After finding the line that contains "Ludus Transparent Medusae Shirt - black" in the entries below, retype it and every following line precisely, the last included.

(Record set begins)

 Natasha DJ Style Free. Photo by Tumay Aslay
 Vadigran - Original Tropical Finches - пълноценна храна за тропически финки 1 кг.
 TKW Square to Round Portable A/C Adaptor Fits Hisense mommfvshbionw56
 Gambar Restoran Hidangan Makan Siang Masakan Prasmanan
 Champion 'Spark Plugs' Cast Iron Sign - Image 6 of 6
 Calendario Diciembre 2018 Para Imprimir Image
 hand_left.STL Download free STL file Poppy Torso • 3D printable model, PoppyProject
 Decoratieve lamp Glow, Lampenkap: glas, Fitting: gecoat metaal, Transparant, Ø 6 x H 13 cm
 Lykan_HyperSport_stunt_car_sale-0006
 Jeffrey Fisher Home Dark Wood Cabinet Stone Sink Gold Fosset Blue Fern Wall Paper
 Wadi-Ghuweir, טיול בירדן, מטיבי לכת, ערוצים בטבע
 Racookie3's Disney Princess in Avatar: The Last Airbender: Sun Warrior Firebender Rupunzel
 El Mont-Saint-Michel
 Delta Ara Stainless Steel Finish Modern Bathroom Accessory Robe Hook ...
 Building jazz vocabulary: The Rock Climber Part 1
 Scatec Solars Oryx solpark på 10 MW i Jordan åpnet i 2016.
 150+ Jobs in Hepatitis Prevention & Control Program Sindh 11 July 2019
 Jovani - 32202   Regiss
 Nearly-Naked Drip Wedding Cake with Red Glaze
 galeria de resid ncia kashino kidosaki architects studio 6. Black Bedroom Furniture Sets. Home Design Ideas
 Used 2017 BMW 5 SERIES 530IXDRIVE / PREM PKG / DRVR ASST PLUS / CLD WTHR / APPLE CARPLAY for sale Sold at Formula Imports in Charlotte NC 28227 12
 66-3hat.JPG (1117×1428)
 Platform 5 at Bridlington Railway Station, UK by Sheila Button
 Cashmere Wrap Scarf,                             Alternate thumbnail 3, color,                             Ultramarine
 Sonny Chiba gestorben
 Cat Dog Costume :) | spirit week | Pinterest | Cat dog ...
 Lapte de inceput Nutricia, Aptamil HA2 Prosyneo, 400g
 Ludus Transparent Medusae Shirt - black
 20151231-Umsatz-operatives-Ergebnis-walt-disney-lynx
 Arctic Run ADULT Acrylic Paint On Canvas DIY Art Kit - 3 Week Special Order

(Record set ends)

- **Solution to the exercise**
 Ludus Transparent Medusae Shirt - black
 20151231-Umsatz-operatives-Ergebnis-walt-disney-lynx
 Arctic Run ADULT Acrylic Paint On Canvas DIY Art Kit - 3 Week Special Order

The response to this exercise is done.